Center for Neurocognitive Research (MEG-Center), Moscow State University of Psychology and Education, 29 Sretenka str, Moscow, 127051, Russia.
Cogn Affect Behav Neurosci. 2022 Oct;22(5):1108-1129. doi: 10.3758/s13415-022-00996-z. Epub 2022 Apr 1.
This study examined whether pupil size and response time would distinguish directed exploration from random exploration and exploitation. Eighty-nine participants performed the two-choice probabilistic learning task while their pupil size and response time were continuously recorded. Using LMM analysis, we estimated differences in the pupil size and response time between the advantageous and disadvantageous choices as a function of learning success, i.e., whether or not a participant has learned the probabilistic contingency between choices and their outcomes. We proposed that before a true value of each choice became known to a decision-maker, both advantageous and disadvantageous choices represented a random exploration of the two options with an equally uncertain outcome, whereas the same choices after learning manifested exploitation and direct exploration strategies, respectively. We found that disadvantageous choices were associated with increases both in response time and pupil size, but only after the participants had learned the choice-reward contingencies. For the pupil size, this effect was strongly amplified for those disadvantageous choices that immediately followed gains as compared to losses in the preceding choice. Pupil size modulations were evident during the behavioral choice rather than during the pretrial baseline. These findings suggest that occasional disadvantageous choices, which violate the acquired internal utility model, represent directed exploration. This exploratory strategy shifts choice priorities in favor of information seeking and its autonomic and behavioral concomitants are mainly driven by the conflict between the behavioral plan of the intended exploratory choice and its strong alternative, which has already proven to be more rewarding.

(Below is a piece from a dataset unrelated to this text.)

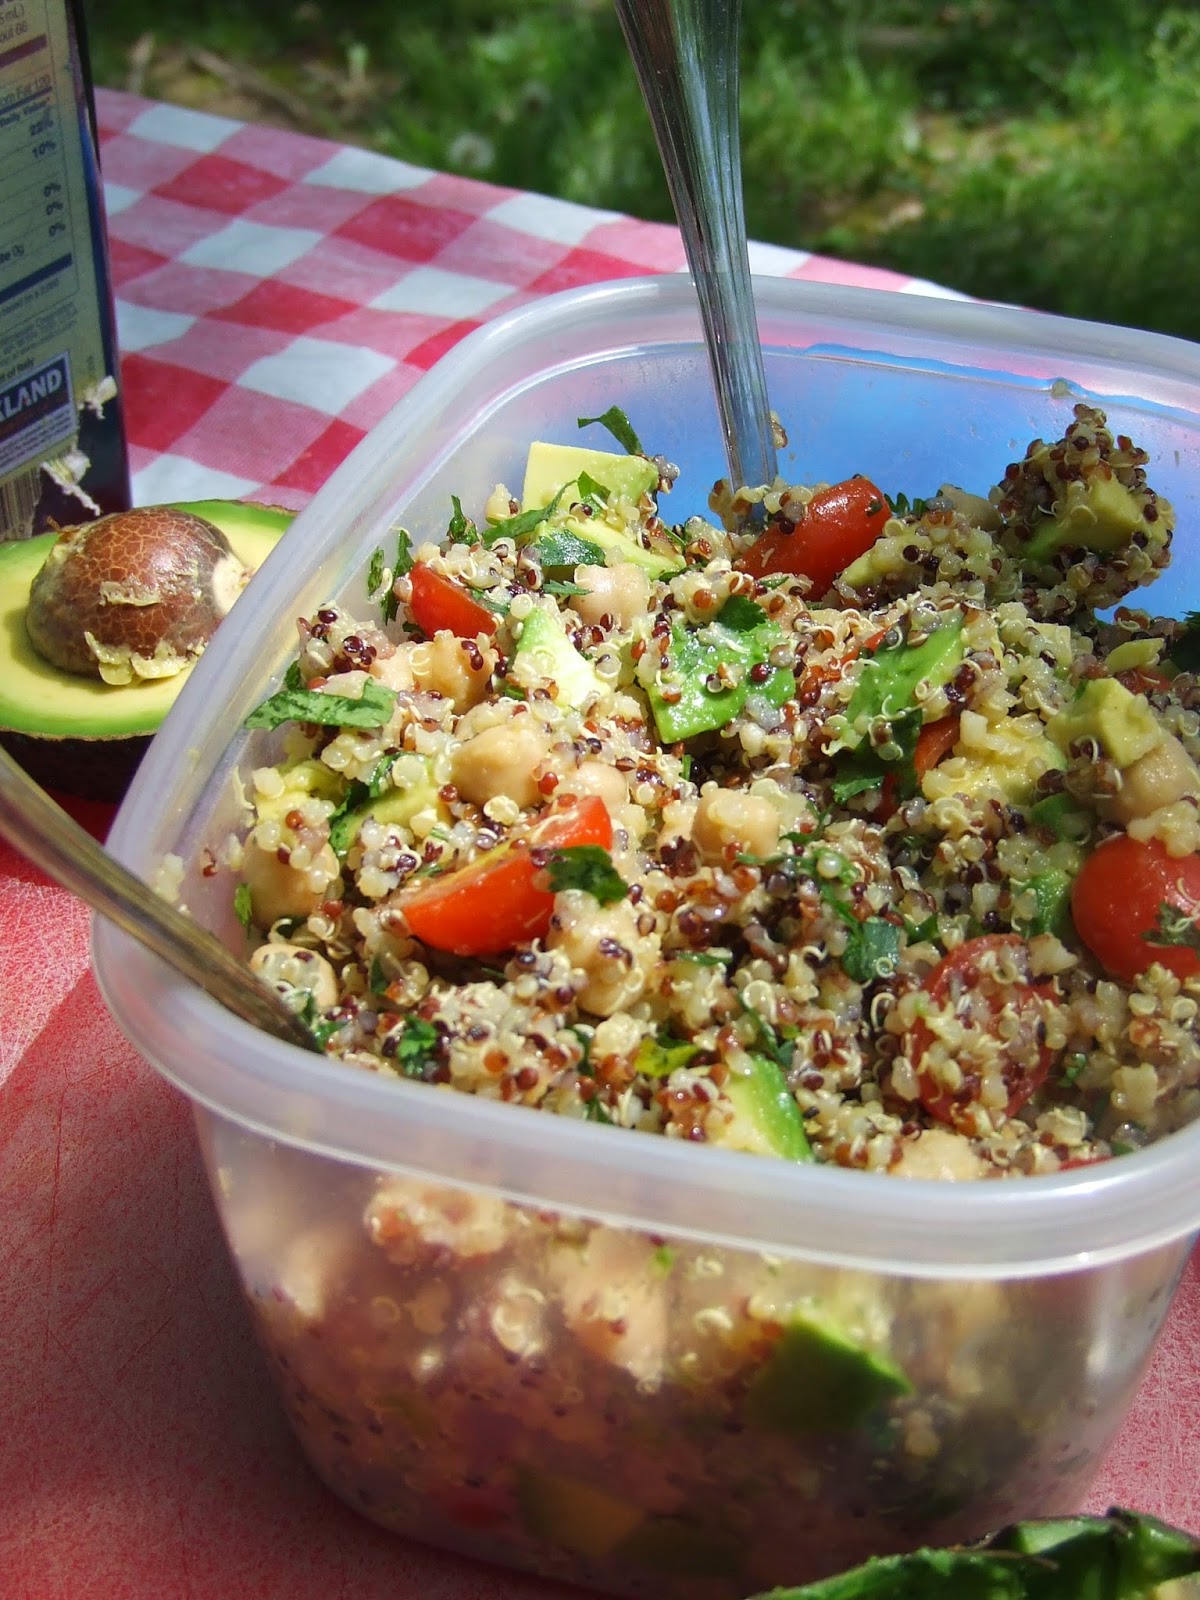 The Conscientious Eater: Cilantro Lemon Quinoa Salad

本研究旨在探究瞳孔大小和反应时是否能够区分有方向的探索与随机探索和开发。89 名参与者在执行二择一概率学习任务时,其瞳孔大小和反应时间被连续记录。通过 LMM 分析,我们估计了在学习成功的情况下(即参与者是否已经学习到选择及其结果之间的概率关系),瞳孔大小和反应时间在有利和不利选择之间的差异。我们提出,在决策者真正了解每个选择的价值之前,有利和不利的选择都代表着对两个选项的随机探索,结果同样不确定,而在学习之后,相同的选择表现出了开发和直接探索策略。我们发现,不利的选择与反应时间和瞳孔大小的增加有关,但仅在参与者学习了选择奖励关系之后。对于瞳孔大小,与在前一次选择中损失相比,那些紧随收益而来的不利选择的影响更强烈。瞳孔大小的调制在行为选择期间而不是在预试验基线期间明显。这些发现表明,偶尔的不利选择,违反了已获得的内部效用模型,代表有方向的探索。这种探索策略改变了选择的优先级,有利于信息搜索,其自主和行为伴随主要是由预期探索选择的行为计划与其强烈替代方案之间的冲突驱动的,后者已经被证明更有回报。